23000 hatten es satt

Demonstration in Berlin für Neuausrichtung der Agrarpolitik

Tausende Menschen demonstrierten am Samstag in Berlin gegen die Agrarindustrie und die aktuelle Agrarpolitik. Unter dem Motto »Wir haben es satt!« hatte ein Bündnis von mehr als 90 Organisationen zum Protest aufgerufen.

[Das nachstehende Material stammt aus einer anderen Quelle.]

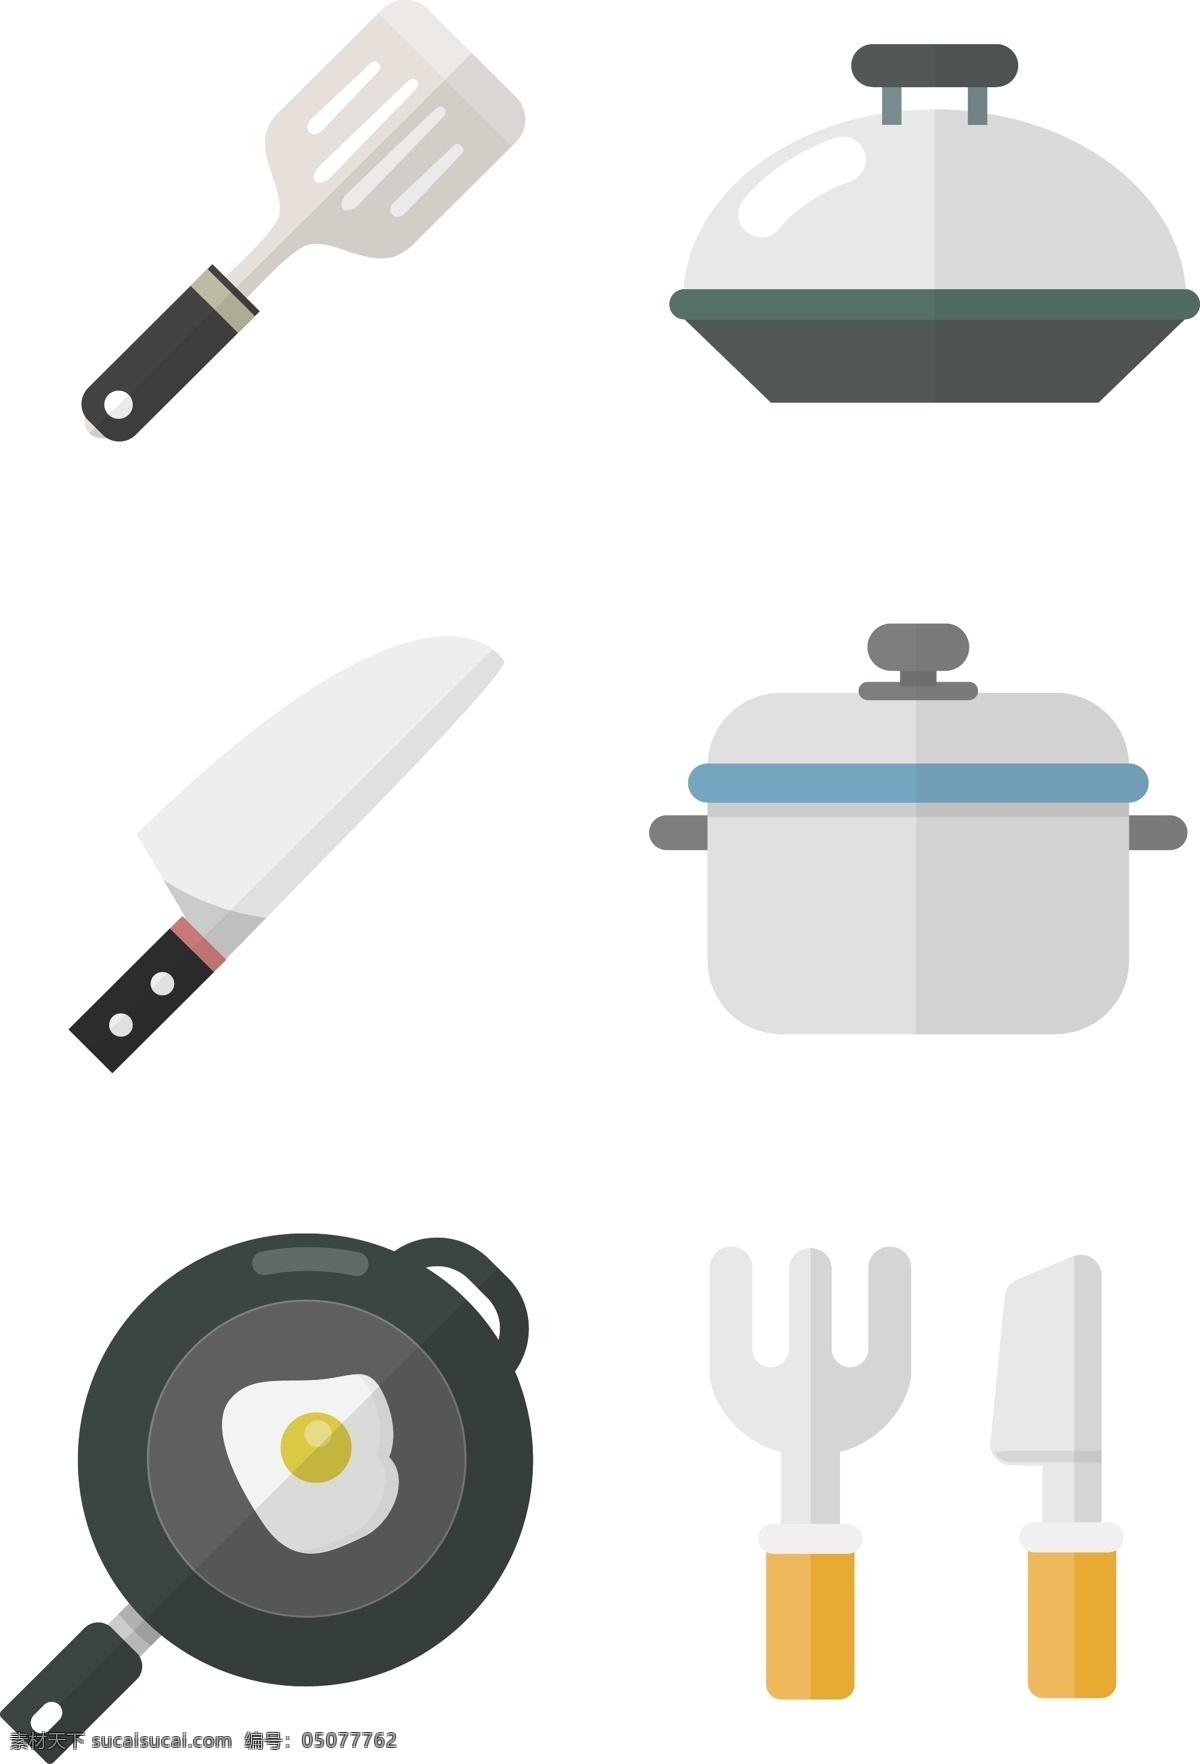 厨房用品 图标素材 扁平化 拟物 厨房 做饭 铲子 电饭锅 炒锅 菜刀 刀叉 煎锅 料理 有趣的 可爱的

Umwelt- und Tierschützer, Bauern, Imker, Slow-Food-Anhänger, Vegetarier und Veganer zogen vom Berliner Hauptbahnhof zum Bundeskanzleramt. Nach Angaben der Veranstalter nahmen 23 000 Menschen an Demo und Kundgebung teil. Anlass war die Verbraucher- und Landwirtschaftsmesse »Grüne Woche« sowie der gleichzeitig stattfindende internationale Agrarministergipfel.

Auf Transparenten, Plakaten und in Sprechchören machten die Teilnehmer auf aktuelle Risiken der industriellen Lebensmittelproduktion aufmerksam. Waren es im 2011 Dioxinreste im Tierfutter, wurden kürzlich antibiotikaresistente Keime in Geflügelfleisch gefunden. Angesichts ständig neuer Skandale verlangten die Veranstalter von Bundeskanzlerin Angela Merkel (CDU) und von Verbraucherministerin Ilse Aigner (CSU) eine Neuausrichtung der Agrarpolitik. Der Regierung wurde vorgeworfen, bei der EU-Agrarreform Steigbügelhalter der Agrarindustrie zu sein, statt Forderungen der Zivilgesellschaft durchzusetzen. Subventionen müssten an ökologische, soziale und Tierschutzkriterien gebunden werden. Zuzahlungen für Agrarexporte seien zu stoppen.

Forderungen gab es auch an die Regierungen der Bundesländer. Schleswig-Holstein und Brandenburg gehören nach einer Branchenstudie zu den Regionen mit den schlechtesten Bedingungen für die Öko-Landwirtschaft - trotz wachsender Nachfrage. Gastronomin Sarah Wiener forderte eine Hinwendung zu einer bäuerlichen und nachhaltigen Landwirtschaft, da der Anteil derer, die gesunde Lebensmittel wünschten, viel größer sei, als die Politik glauben machen wolle.

Die Kritik galt auch der Anwendung von Gentechnik in der Landwirtschaft, der Tierquälerei in den Massenställen und dem Flächenverbrauch für den Anbau von Rohstoffen für die Energieerzeugung. Gefordert wurde eine ökologische und zukunftsfähige Landwirtschaft in Deutschland. In diesem Zusammenhang protestierten mehrere Redner gegen den Import billiger Futtermittel aus ärmeren Ländern, nur um in Deutschland jederzeit Fleisch zu Schleuderpreisen zur Verfügung zu haben und sogar noch zu exportieren.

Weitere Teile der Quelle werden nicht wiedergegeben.